The Link Between Beneficial Bacteria, Compost and Organic Teas

Extracting the essential elements from organic matter has been practised for thousands of years, ranging from basic cold water extracts, fermentation and most recently aerated compost tea. As organic farmers who work in a chemical free environment, all organic matter that is used in the garden will either be in liquid form or as a hard food.

The principal behind aerated a tea is two reasons, to extract the primary nutrients and trace elements, and the other is to enhance the microbial count from millions into billions within the space of 24 hours. Beneficial bacteria only require a brewing process of 1-2 hours before multiplying with the dissolved oxygen that is present in the water source thanks to the air pump being used, while it is the fungi that actually require the full 24 hours in order to benefit from their aerobic nature and again multiply from millions to billions.

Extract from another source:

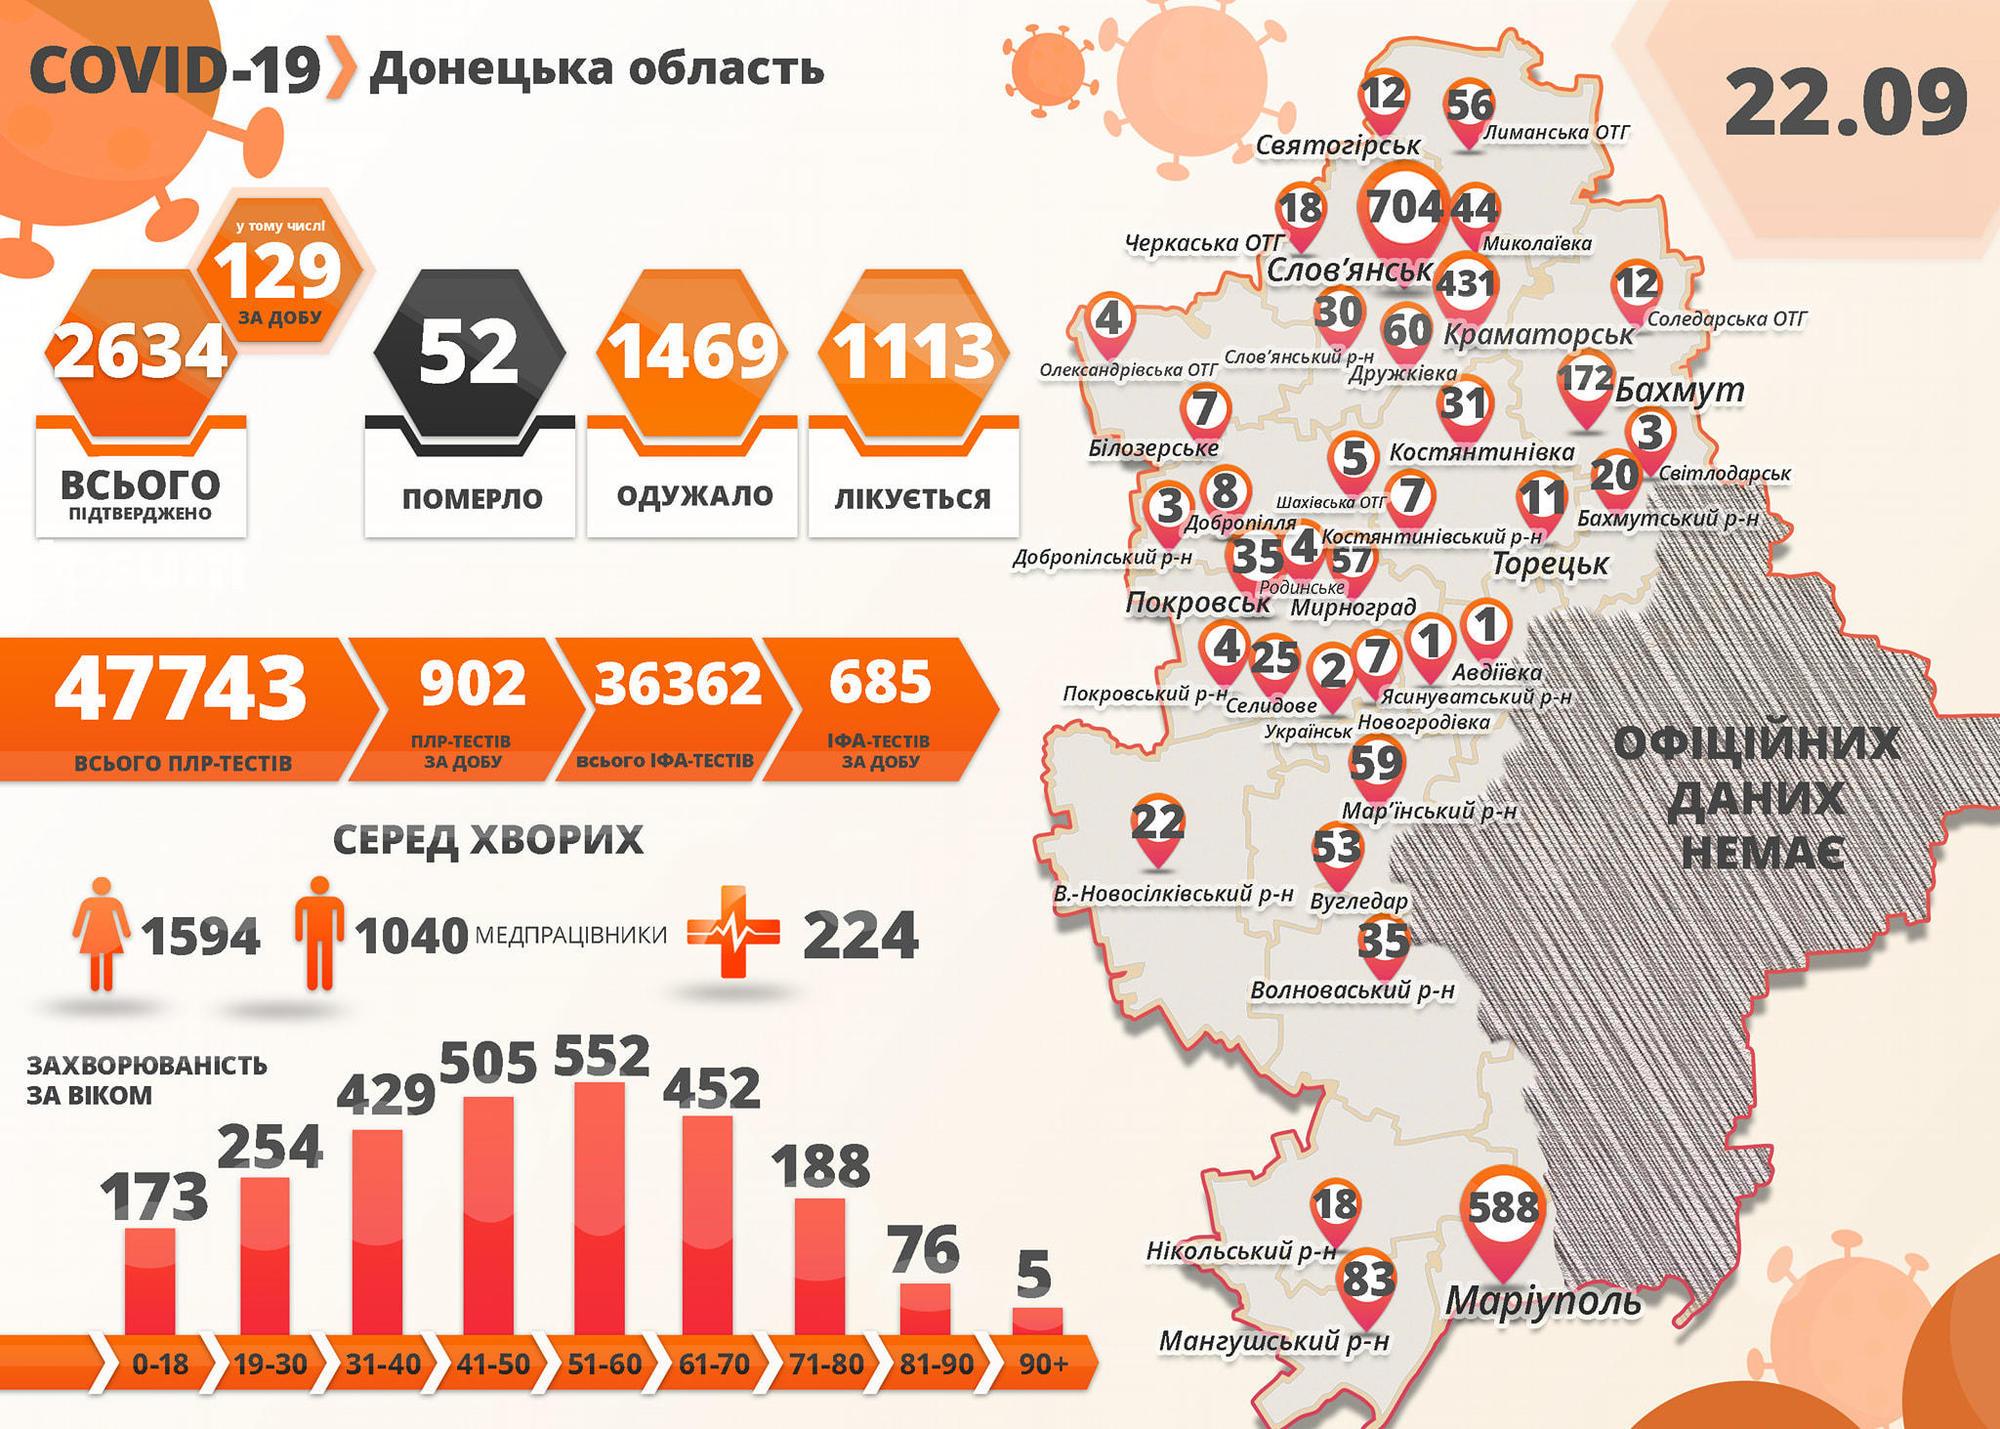 На підконтрольній Донеччині – 129 нових хворих з COVID-19 та ще 2 смерті

What is brilliant about making an aerated tea with our PK Booster Compost Tea is to watch each stage of the science working in front of your own eyes. You need clean distilled water, microbe spores from, ORGATREX and an Air Pump. Successfully brewed tea will reveal a foam like substance floating on the surface within a day later, indicating that the bacteria and fungi are in fact alive and metabolising well in the solution. The special selected ingredients inside our PK Booster Compost Tea contains bat guano, kelp and Phosphorus releasing bacteria and Potassium mobilising bacteria ensuring your plants receive a full spectrum of beneficial supplements during flowering.

BioTabs Organic Growing with Beneficial Bacteria, Use with BACTREX, MYCOTREX, ORGATREX & PK Booster Compost Tea that contains bat guano, kelp & Phosphorus

How Worms Play A Role In Composting

As a lover of worm castings and always using in my soil blends and organic teas, worms are the soil’s cleaners and will eat their way through the soil, and excrete back into the soil. The castings will be extremely rich in beneficial bacteria as well as in primary nutrients Nitrogen, Phosphorus and Potassium, including trace elements and micronutrients that plants need for every part of their life cycle. This is one reason why finding an abundance of worms living in the soil is a very good sign of life. Not only will worms aerate the growing medium as they pass through, they will also provide minerals back to the food web permanently.

The Benefits Of Composting

  • Compost is particularly high in Magnesium making it an excellent amendment for plants that are deficient in Calcium and Magnesium.
  • Provides a consistent nutrient rich, buffer friendly, growing medium that can be used to supplement any depleted soil or farm lands with beneficial bacteria.
  • An excellent way to recycle in the comfort of your own home. Compost piles and worm bins can be a great dumping ground for unwanted organic matter such as food or garden waste.
  • O.G Kush is strain that is well known for being Magnesium hungry, meaning adding compost to the growing medium will help reduce deficiencies with this variety of Cannabis.
  • The longer the time frame of the compost pile will determine the final quality. A good tip is to use this years compost pile for next years crop.